初夏を迎える南紀の海で、釣り人を熱狂させるターゲットといえばイサギです。
一年を通して美味しいと定評のある南紀のイサギですが、特定の時期に釣れるものは別格の味わいを誇ります。
それが、釣り人の間で「麦わらイサギ」や「梅雨イサギ」と呼ばれる、初夏から梅雨時にかけて釣れるイサギです。
ちょうど麦の収穫時期や梅雨の時期と重なることから、昔から親しみを込めてこのように呼ばれています。
この時期のイサギがなぜそれほどまでに美味しいのか、その最大の理由は産卵期を直前に控えているためです。
卵や白子を育てるために、小魚や甲殻類など、黒潮が運ぶ豊富なエサをたっぷりと荒食いしています。
そのため、お腹周りはもちろん、背中の身にまで真っ白な脂がびっしりと乗り、丸々と太っているのが特徴です。

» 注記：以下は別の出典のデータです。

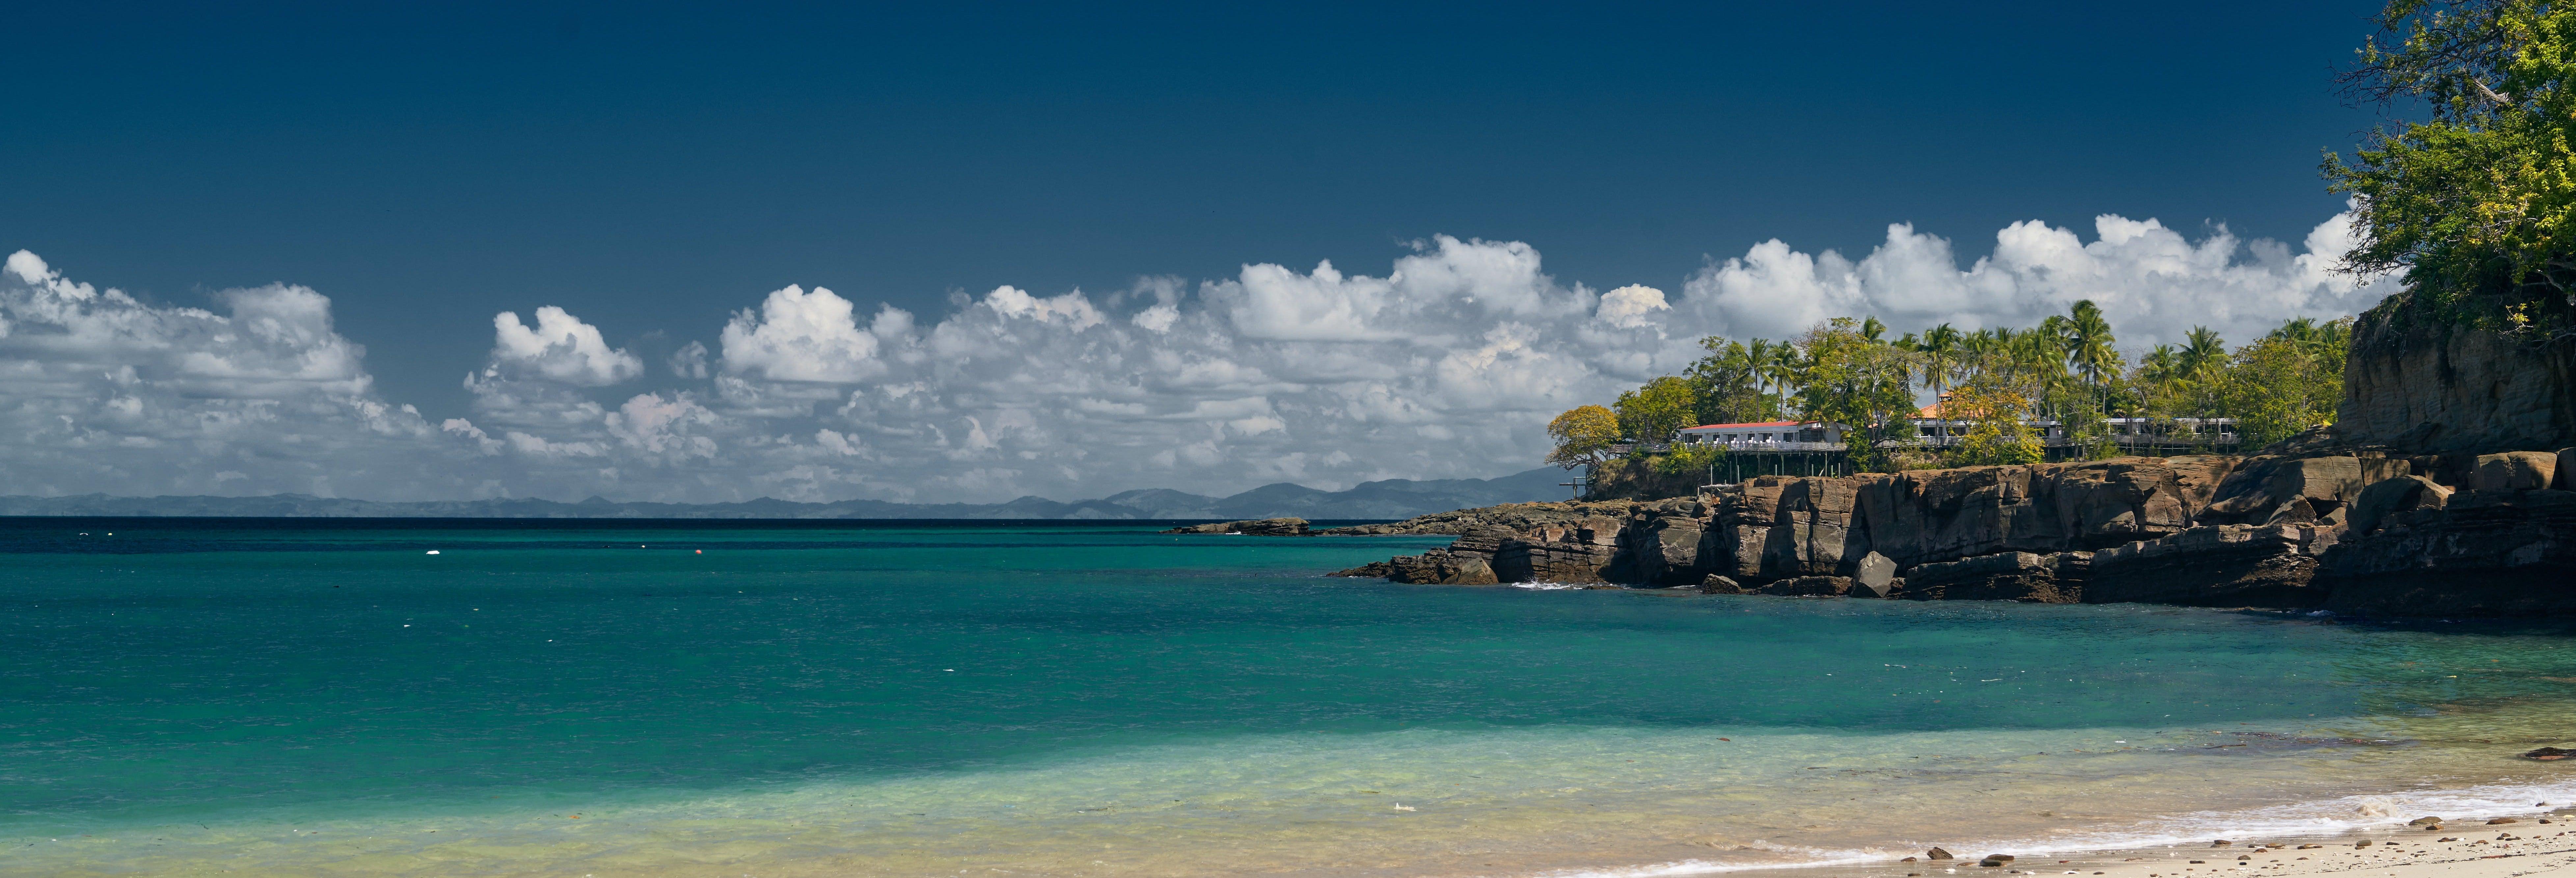 Excursion à la plage Punta Chame + Cours de surf

捌くために包丁を入れた瞬間に、刃が脂でべっとりとするほどで、その身の甘さと旨味は他の季節とは比較になりません。
新鮮な釣りたてを刺身でいただくのはもちろん、皮目をサッと炙った「炙り」にすると、香ばしさと溶け出した脂の甘みが口いっぱいに広がります。
シンプルに塩焼きにしても、滴り落ちる脂で表面がパリッと焼き上がり、中はふっくらとした最高のご馳走になります。
引きの強さを堪能でき、食べて最高なのが、この時期の南紀のイサギ釣りです。
ぜひ、脂がたっぷり乗った極上の麦わらイサギ、梅雨イサギを求めて、釣太郎周辺の海へ出かけてみてください。